Required work |
Would you please set down, word for word, the lines from the one with "3 dimensions de" through the final line of the data below, omitting any pictures?

Dataset extract |
* * * * * * *

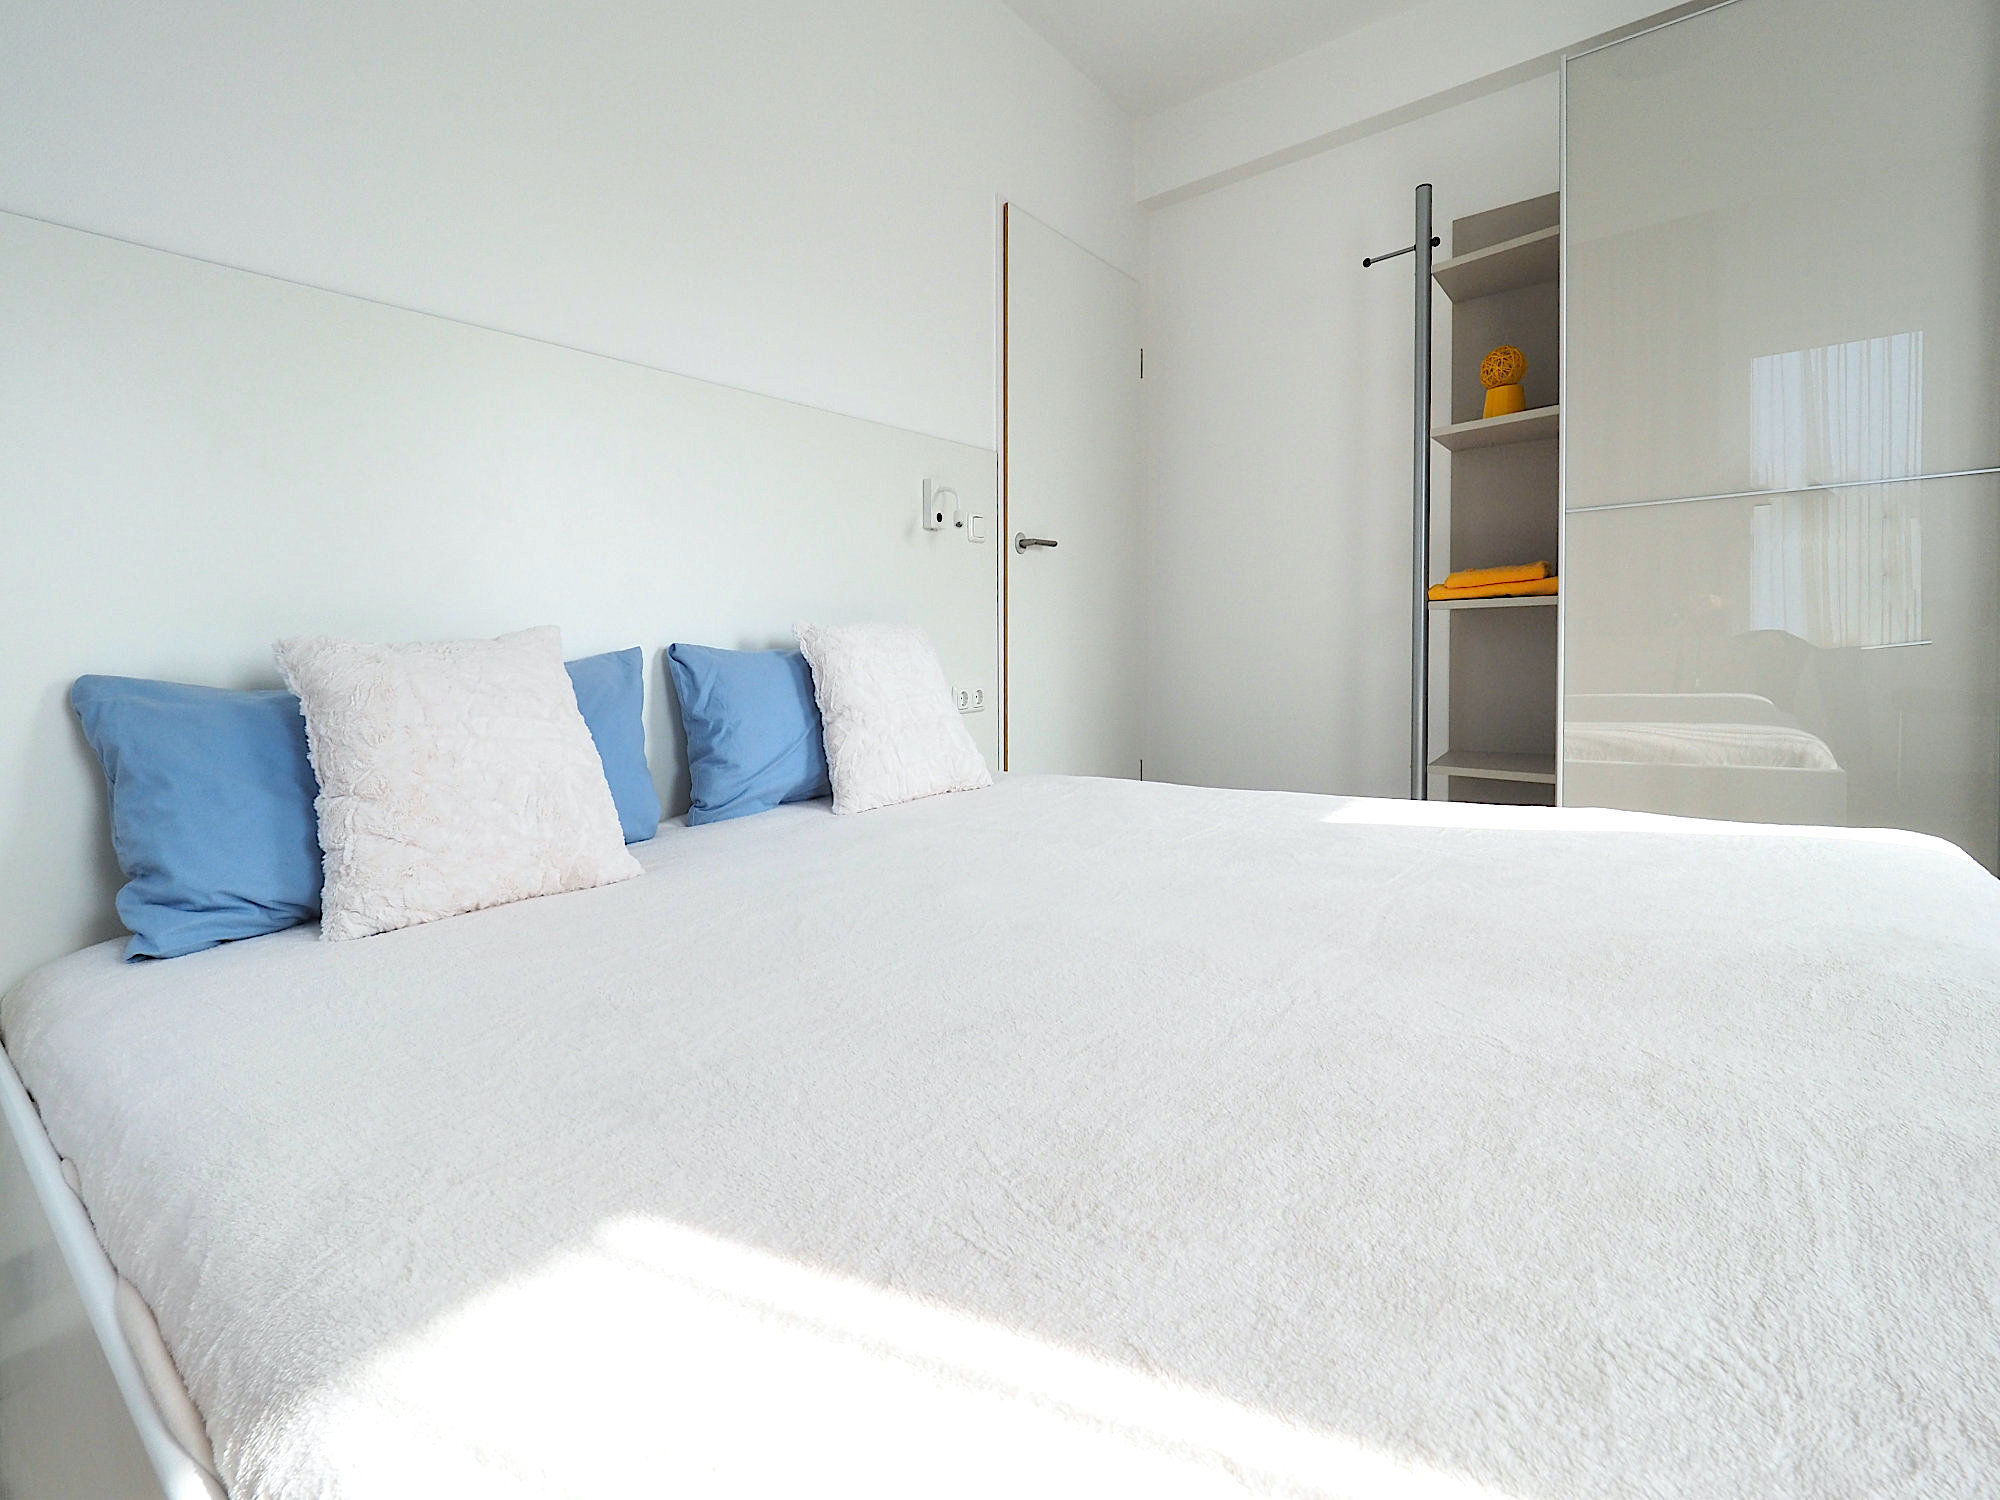 Schlafzimmer mit Doppelbett, rechts davon großer Kleiderschrank mit Regalteil
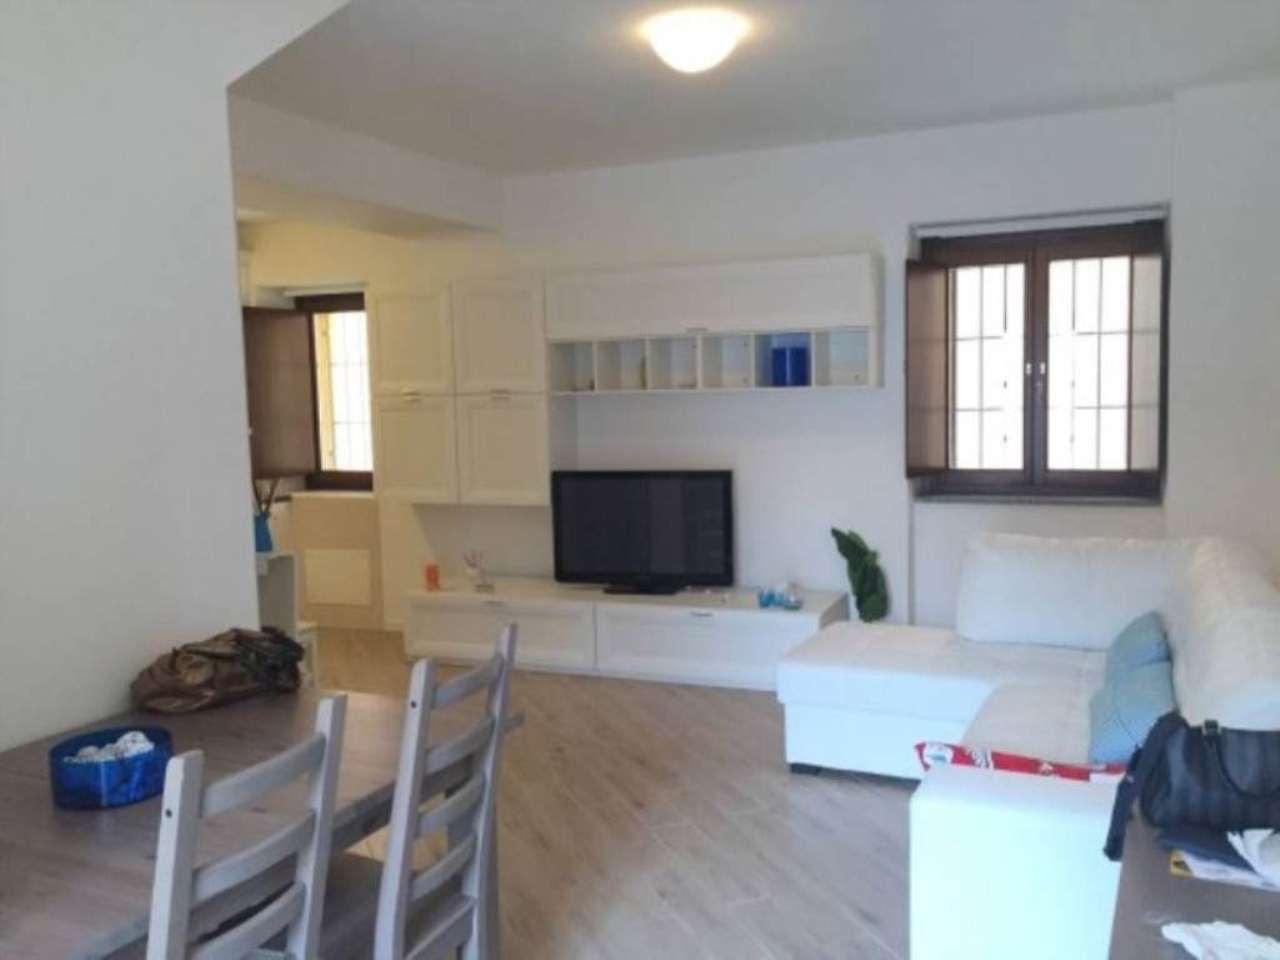 Appartamento in vendita a Robbiate, 2 locali, prezzo € 110.000 | Cambio Casa.it
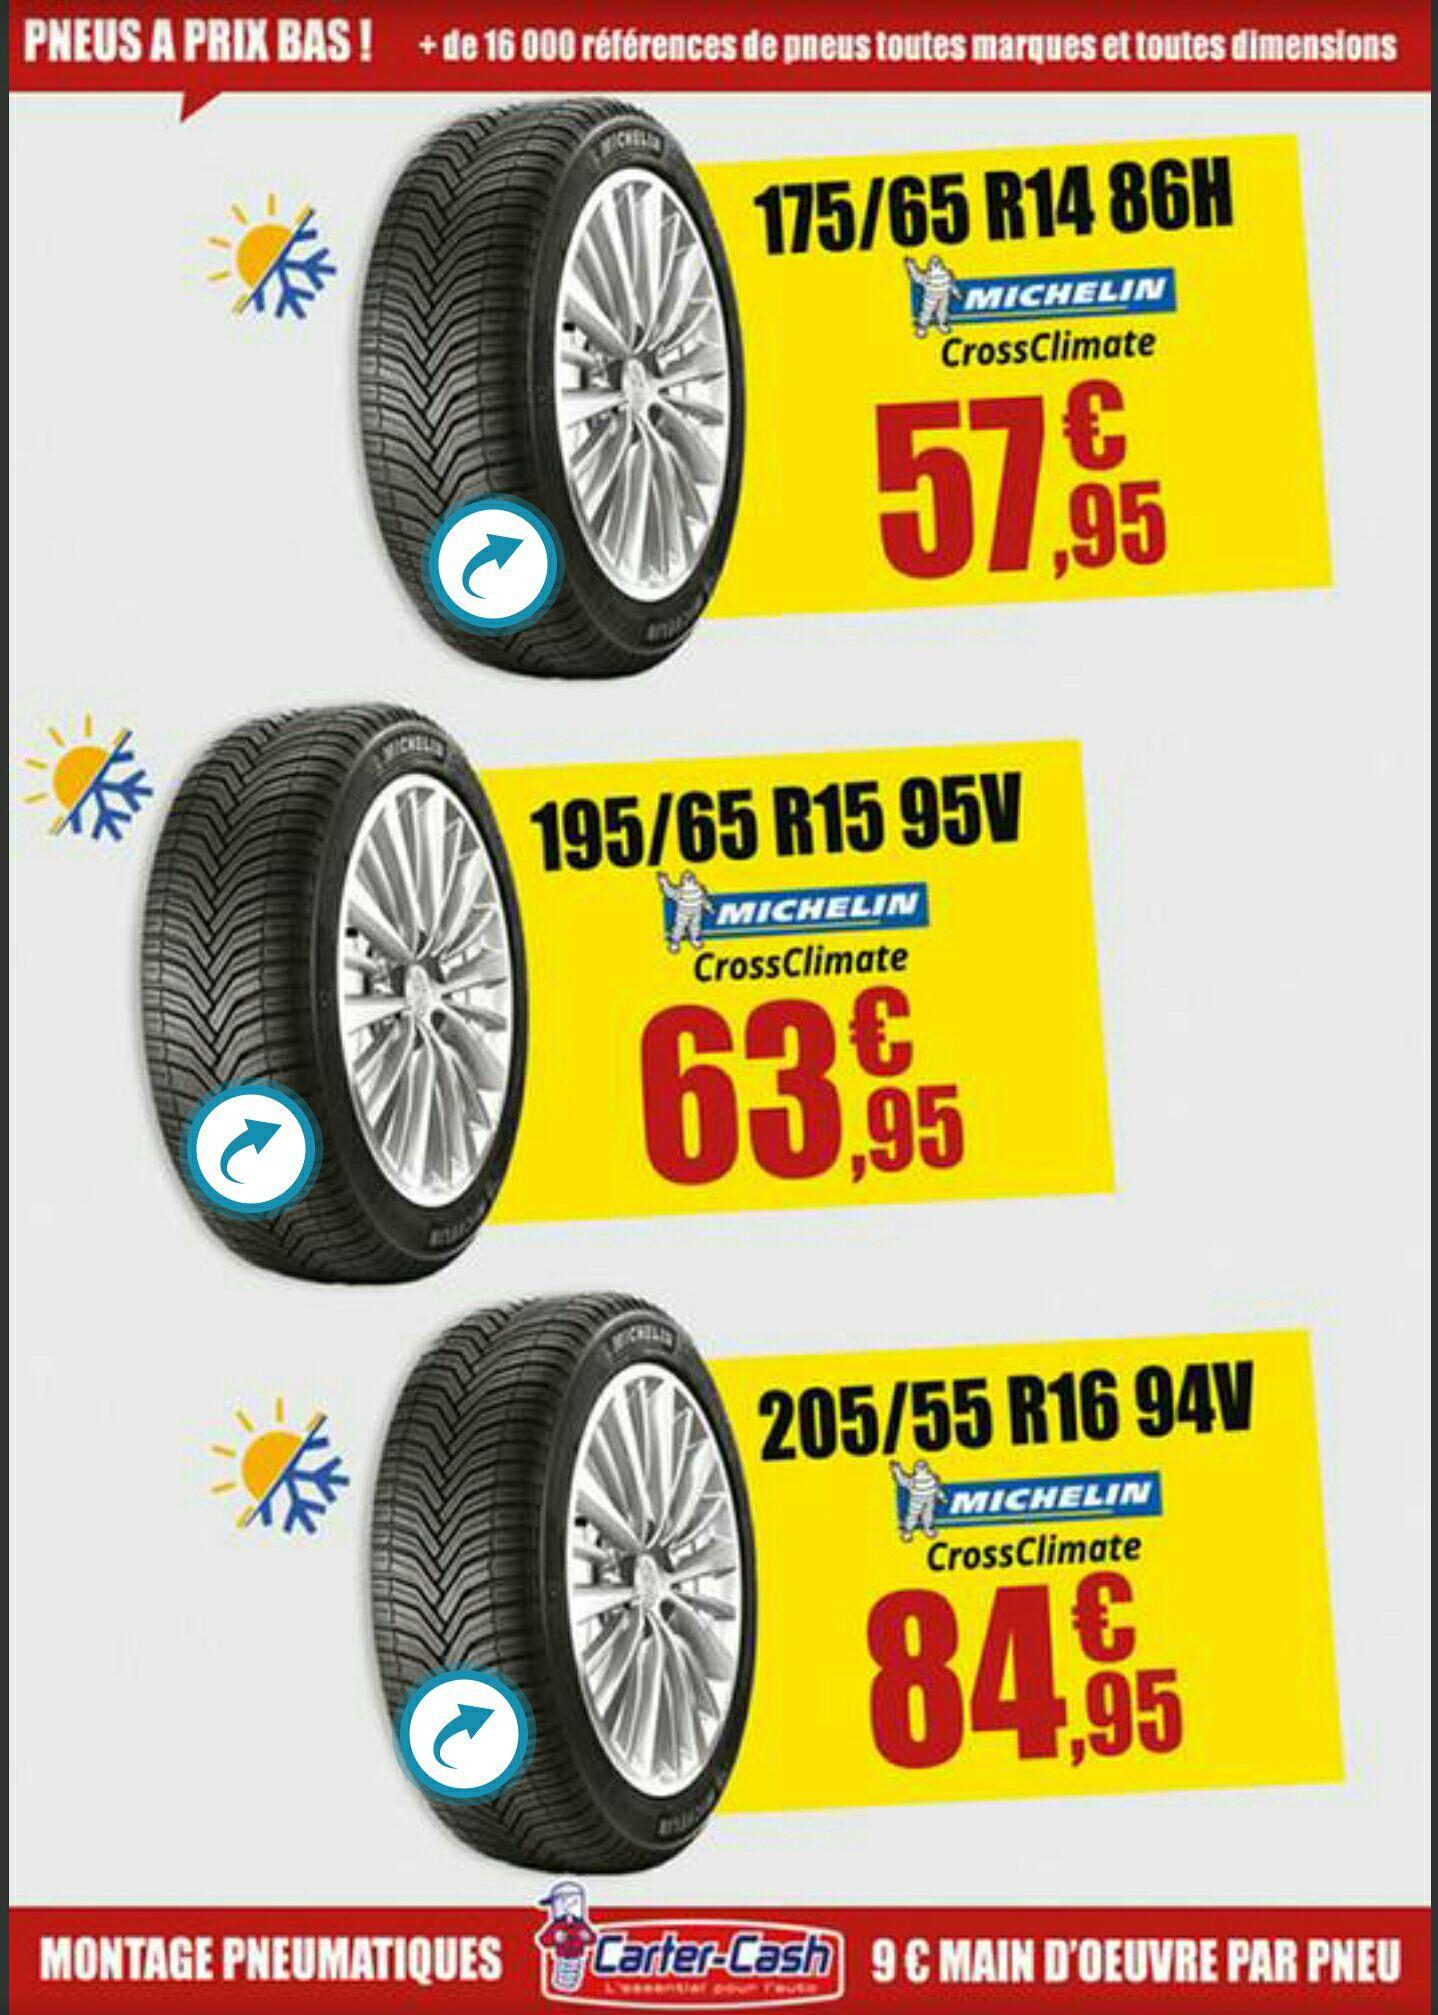 3 dimensions de pneus Michelin CrossClimate en promotion - Ex : 175/65/14 86H
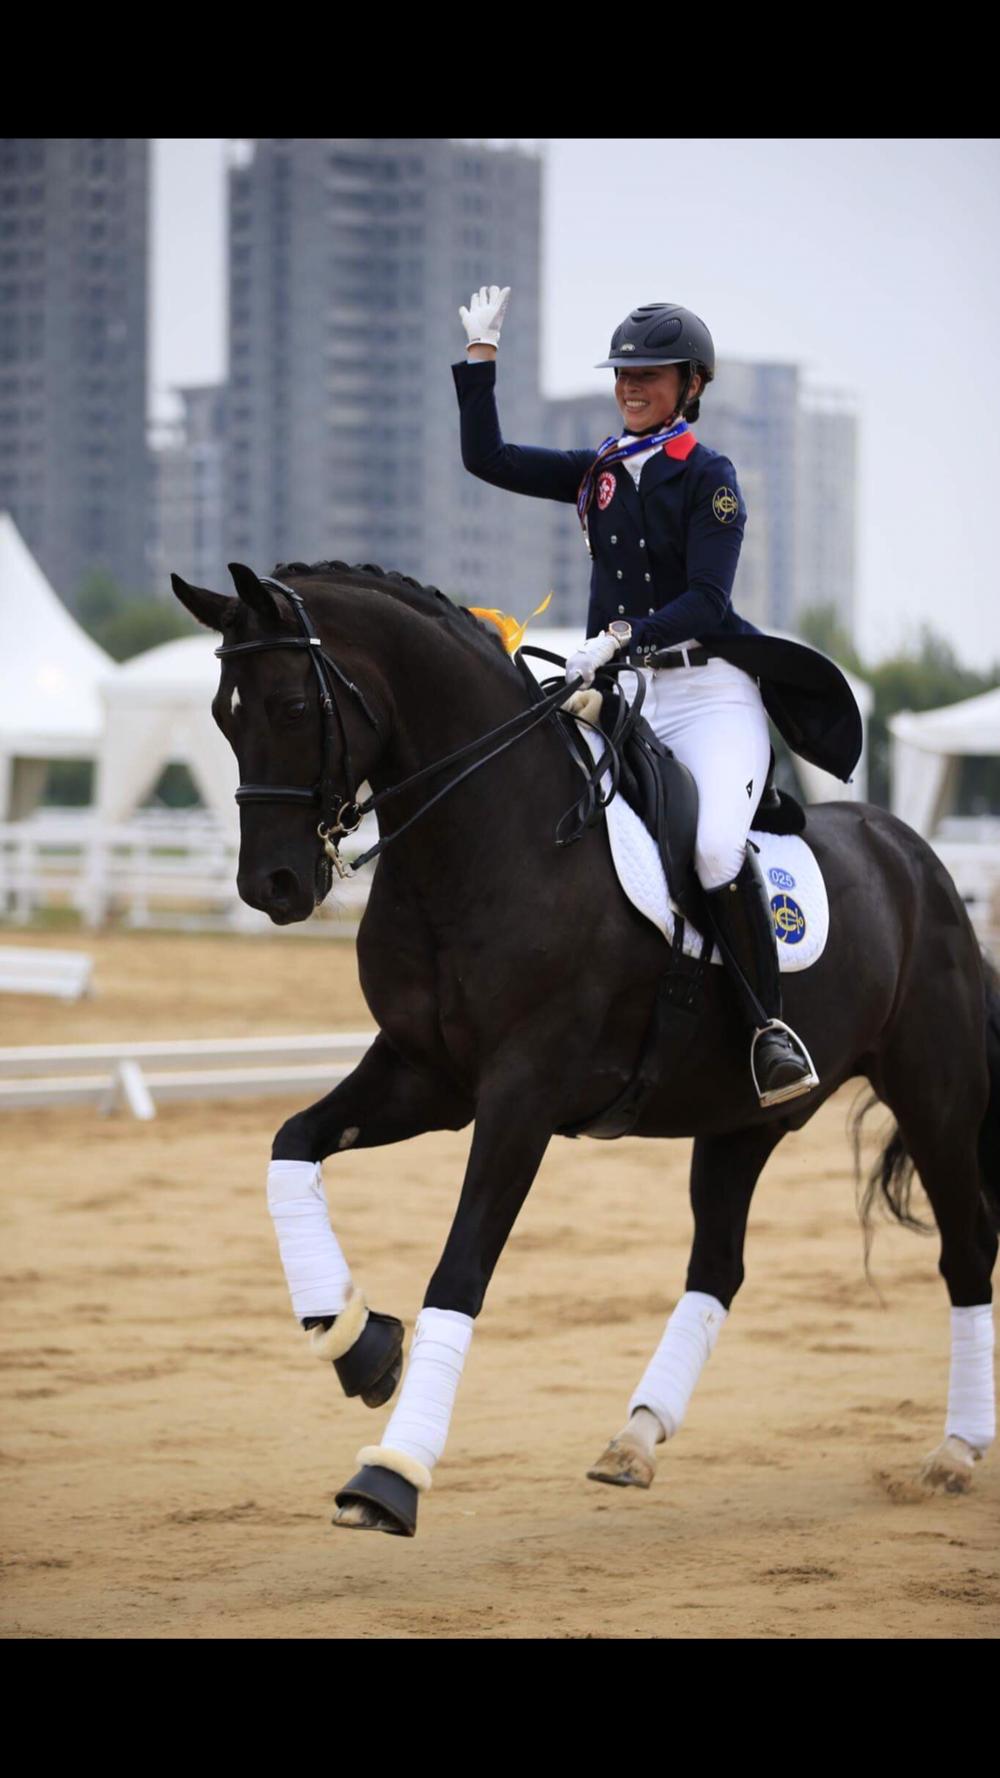 Jackie und Fürst gewinnen auf Anhieb in China die Silber Medaille

* * * * * * *

Task response |
 3 dimensions de pneus Michelin CrossClimate en promotion - Ex : 175/65/14 86H
 Jackie und Fürst gewinnen auf Anhieb in China die Silber Medaille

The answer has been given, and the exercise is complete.